Cet ouvrage, Tahar Haddad, recueil de textes introduits par Laroussi Amri, est l’occasion, pour les Tunisiens comme pour tous les autres lecteurs arabes ou autres soucieux d’en savoir plus sur le statut de la femme en islam et dans la société moderne, offre textes, contextes et analyses on ne peut plus pertinents. Ainsi, dans sa préface, le Professeur Laroussi Amri, sociologue chevronné et lui-même militant de gauche qui a connu les geôles du régime tunisien dans les années 70, puis de la censure et jusqu’ à une forme d’exil forcé, avec une rigueur des plus méthodiques, nous brosse le portrait de Tahar Haddad avec la maestria d’un Tocqueville et d’un Balzac réunis. Tout est passé au crible : la vie et l’œuvre de l’auteur de Notre femme dans la charia et la société, avec à chaque fois des titres, des sous-titres et des parties aussi éloquents qu’exhaustifs. De fait, les deux grandes parties annoncées : 1. Émergence du mouvement syndical tunisien ; 2. Haddad et l’égalité entre les sexes sont précédés par une brève notice bibliographique et une brillante introduction intitulée : « Tahar Haddad et son époque : enjeux socio-historiques et engagements culturels et politiques », et suivis par une rubrique baptisée « Pour en savoir plus », qui sert de bibliographie.

Voix de la sagesse

Aussi après cette lecture alléchante, le lecteur pourra-t-il chercher à approfondir ses connaissances. C’est la voix de la sagesse qui a nom, ici, recherche. C’est cette Tunisie-là, ouverte, rigoureuse, humaine et engagée, que nous retrouvons avec Laroussi Amri. Et c’est ce que Haddad écrit lui-même à propos de « l’enseignement féminin » : L’enseignement ne peut engendrer des résultats néfastes si nous nous penchons avec un vif intérêt sur l’éducation morale qui est à la base de tout. »

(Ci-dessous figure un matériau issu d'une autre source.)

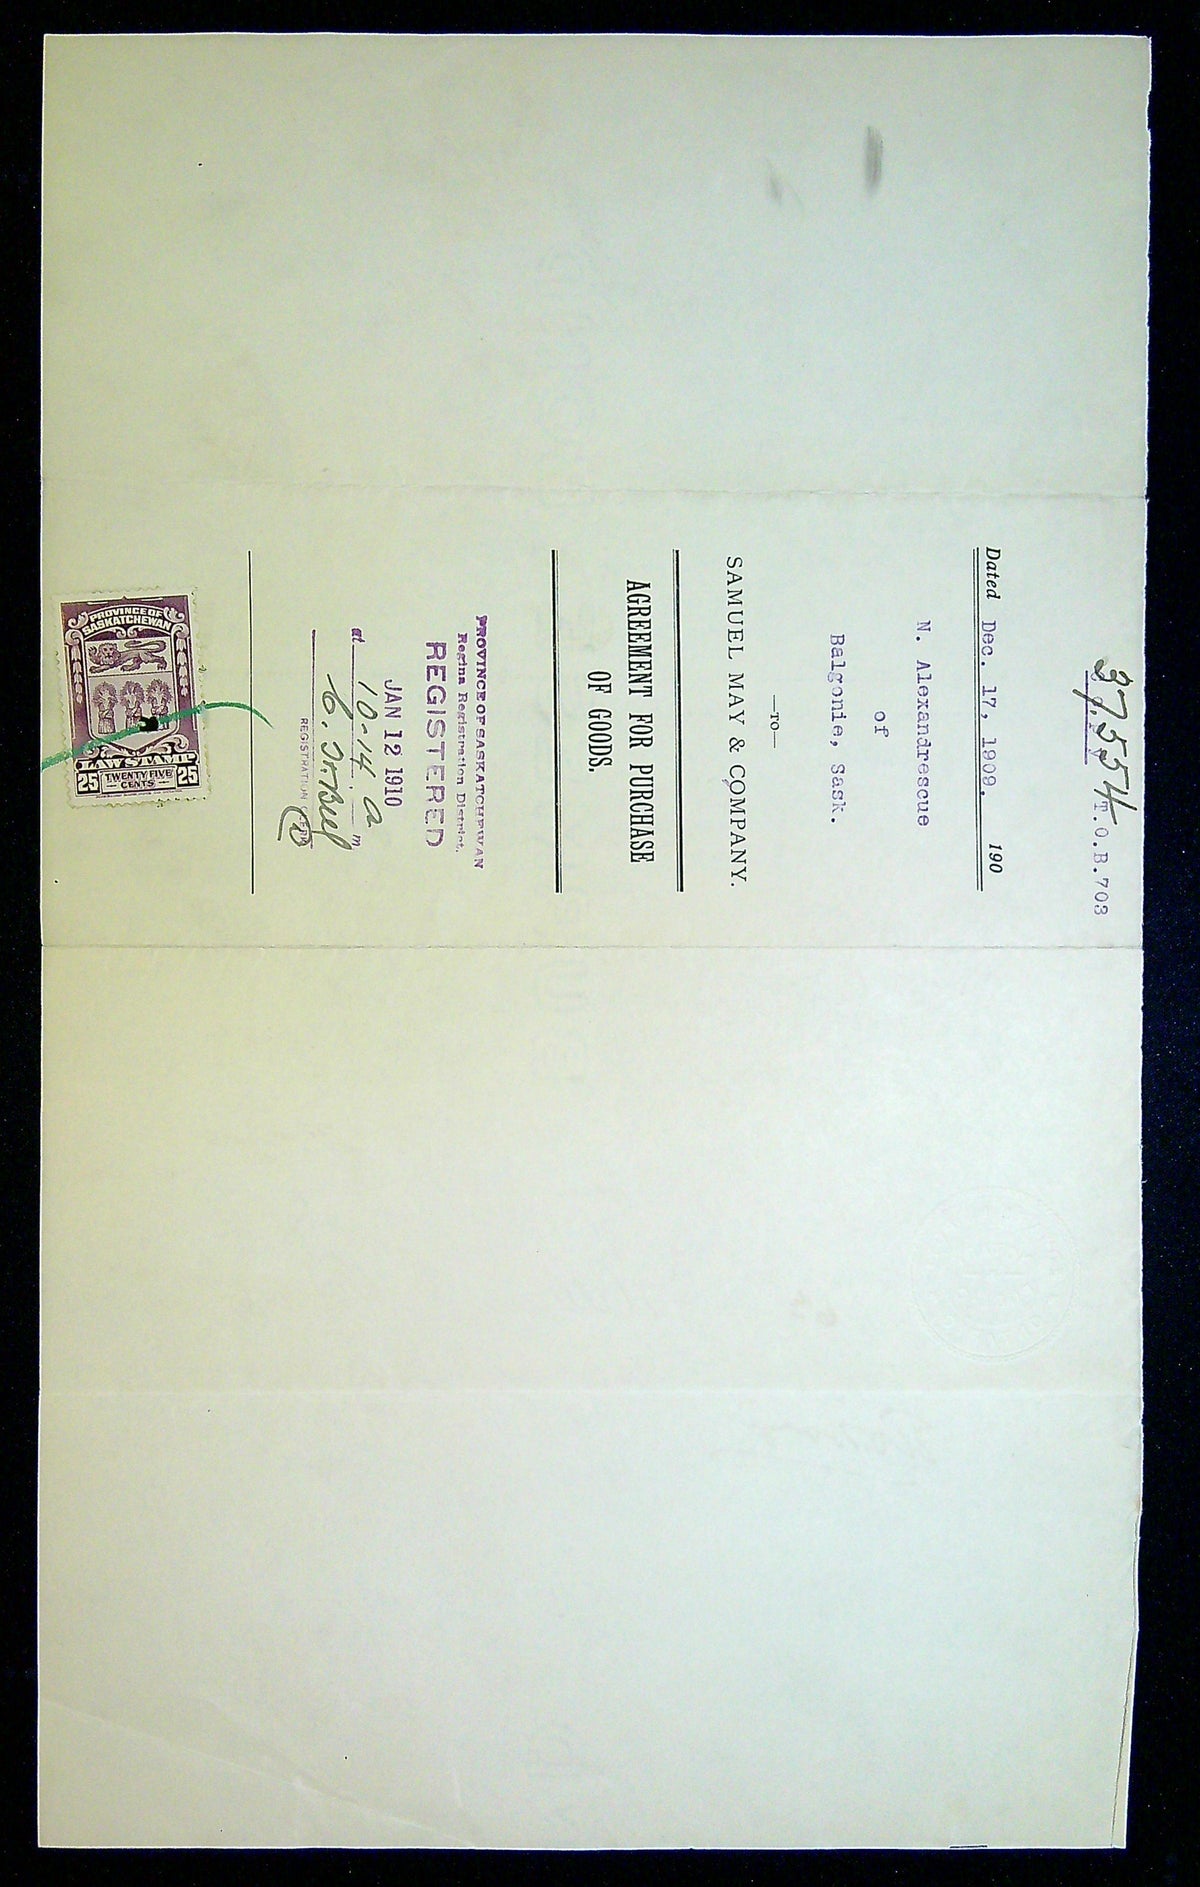 00036SL2202 - SL36 - Saskatchewan Document

Le recueil regorge de perles du même genre. À lire, à analyser et à développer. Il est temps de lire et de donner à lire Tahar Haddad. C’est une nécessité d’ordre vital. Inutile d’en dire plus. Écoutons la voix de Tahar Haddad et suivons la voie qu’il a tracée il y a bientôt un siècle : « Je pense que la religion musulmane dans son esprit ne fait pas d’objection à la réalisation de l’égalité dans tous les domaines, une fois disparues les causes de la tutelle masculine. »

 

Laroussi Amri

Laroussi Amri

 

Tahar Haddad, recueil de textes introduits par Laroussi Amri, Genève, Collection « Pensées d’hier pour demain », série Afrique/ Caraïbes, Cetim (Centre Europe Tiers-Monde), 96 pages, ISBN : 978-2-88053-134-8., 11 CHF, 8,50 €, 10 dinars tunisiens.